Tuesday, August 30, 2011

Fallen by Karin Slaughter

*Rating* 3.5
*Genre* Suspense/Mystery
*Review*
Faith Mitchell is a Special Agent for the Georgia Bureau of Investigations (GBI) and has been partnered with Will Trent for the past 2 years. Faith is late arriving at her mother's home to pick up her 4 month old daughter Emma thanks to a seminar that went on too long. As Faith is driving towards her destination, she is unable to connect with her mother either by email, or by phone.

When she arrives at her mother’s home, she finds it destroyed and two men are still alive in the house. A shoot out soon occurs, and Faith finds that she is being questioned as a suspect, and not as a police officer with nearly 20 years’ experience.

*Positive* - It’s nice to actually see more of Faith as the main character in a story. She has the capability to lead an entire novel without anyone worrying that she will stumble or bumble along and mess things up. There are some family secrets that are finally revealed to Faith as well, and a closer look into her past as a rebel rousing teenager which nearly broke her family apart. Faith is real to me. Her struggles with her own health, trying to raise her two children in the best way possible, as well as the discovery of a secret past that surrounds her own mother, were way more interesting than the blooming relationship between Will and Sara.

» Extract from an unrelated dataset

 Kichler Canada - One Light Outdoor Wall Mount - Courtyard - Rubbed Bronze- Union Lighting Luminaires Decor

Special Agent Will Trent has a sorted past with Faith’s mother Evelyn Mitchell. There are those who still question how Will and Faith can remain partners for the past 2 years after his investigation led to her mother’s resignation from the Atlanta PD. Will’s solo act as well as his sometimes brazen techniques, have left fellow law enforcement officers at arm’s length not wanting anything to do with him. He often finds that he works solo in trying to solve cases while often getting things wrong because of his inability to read. This time around he ends up stuck with his boss Deputy Director Amanda Wagner who is an enabler and couldn’t tell Will the truth even if it bit her in the ass. Wagner is also a life long friend of Evelyn Mitchell as they came up together as police officers.

Will has tried extremely hard to hide the fact that he is dyslexic from his fellow co-workers. (Sara, Amanda and Faith all know) Will is extremely smart which is typical of Dyslexic people who tend to be very creative and intuitive and are very good at hands on learning. Will is also stuck in an abusive relationship with his wife Angie; one that I sincerely hope Slaughter finds a way to end soon.

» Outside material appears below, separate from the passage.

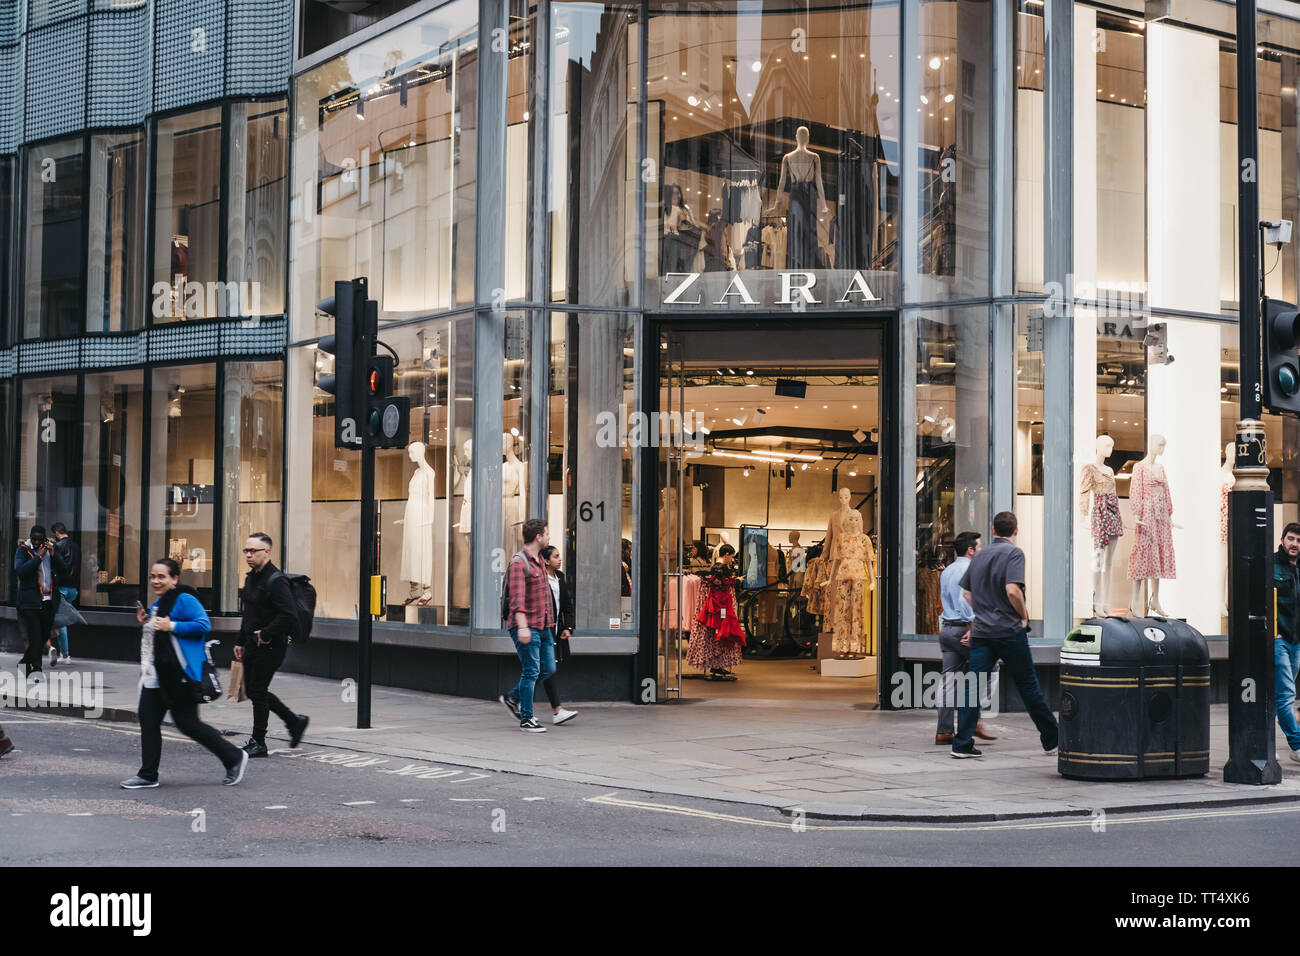 London, UK - June 5, 2019: People walking in front of Zara shop on Oxford  Street, London. Oxford street is one of the most famous shopping streets in  Stock Photo - Alamy

*Positive* - One of the reasons I started reading the Georgia series in the first place is because of Will Trent. Will has had such an awful upbringing, and his abusive wife just drives a stake thru his heart each and every time with her subtle threats and refusal to go away permanently. He is surrounded by bossy women, including Faith, and Amanda, who he can’t seem to get away from. Will seems to know instinctively things that no one else does. He and Amanda have a son/mother relationship that is often harsh in content, while Faith and Will are more like brother and sister.

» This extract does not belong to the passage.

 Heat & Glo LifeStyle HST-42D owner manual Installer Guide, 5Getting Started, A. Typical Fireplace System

Dr. Sara Linton once worked in her own private practice for 12 years. She was also the part time Grant County coroner while married to Chief of Police Jeffrey Tolliver. Sara has since moved to Atlanta to work for Grady Hospital. It has been 4 ½ years since the incident that changed her entire life and she is still struggling with moving on. Sara ends up in the middle of the investigation because of her concurrent relationship with Will and Faith as well as a target of Angie Trent who she comes face to face with in the book.

*Undecided* - I’ve had a problem with Sara for some time now and I’m not sure if Fallen has made me change my mind about her or not. She just seems to get involved in things she shouldn’t have access to. It’s not realistic. I know she was one of the main characters of the Grant County series from inception to finish, and now with the combined Georgia series she seems to be thrown into the mix as almost as a tertiary character who knows it all and who is having a change of heart regarding Will and their ongoing relationship.

She often comes across as smarter than everyone else no matter what setting you put her in. Or maybe it’s because I still hold resentment at what happened at the end of the Grant County series and haven’t been able to move onward with Sara in the picture. I have no problem with Sara moving on with her life after 4 ½ years of self-pity and self-doubt. I’m just not sure if I care one way or the other if Sara and Will find happiness together.

Fallen is the third book in the Georgia series by Karin Slaughter and continues the story of characters from the Grant County and Will Trent series. If you haven’t read any of the previous books by Slaughter including Undone, or Broken, I would definitely recommend that you read them before attempting to read Fallen. There’s a lot of back story including why Sara Linton is working for Grady Hospital now, and how she ended up connected with Will Trent and Faith Mitchell.

Monday, August 29, 2011

Hellbent by Cherie Priest

*Rating* 4 stars
*Genre* Urban Fantasy

*Review*

Hellbent is the second novel in the Cheshire Red Reports series by Cherie Priest. Our protagonist is Raylene Pendle who is a thief and a vampire who drinks blood but can’t fly nor can she be exposed to the sunlight. She is often mistaken for a man since international intelligence officials who have been hunted her for years; find it hard to believe that a woman could actually be such an accomplished thief, or as she calls herself--acquisitions specialist.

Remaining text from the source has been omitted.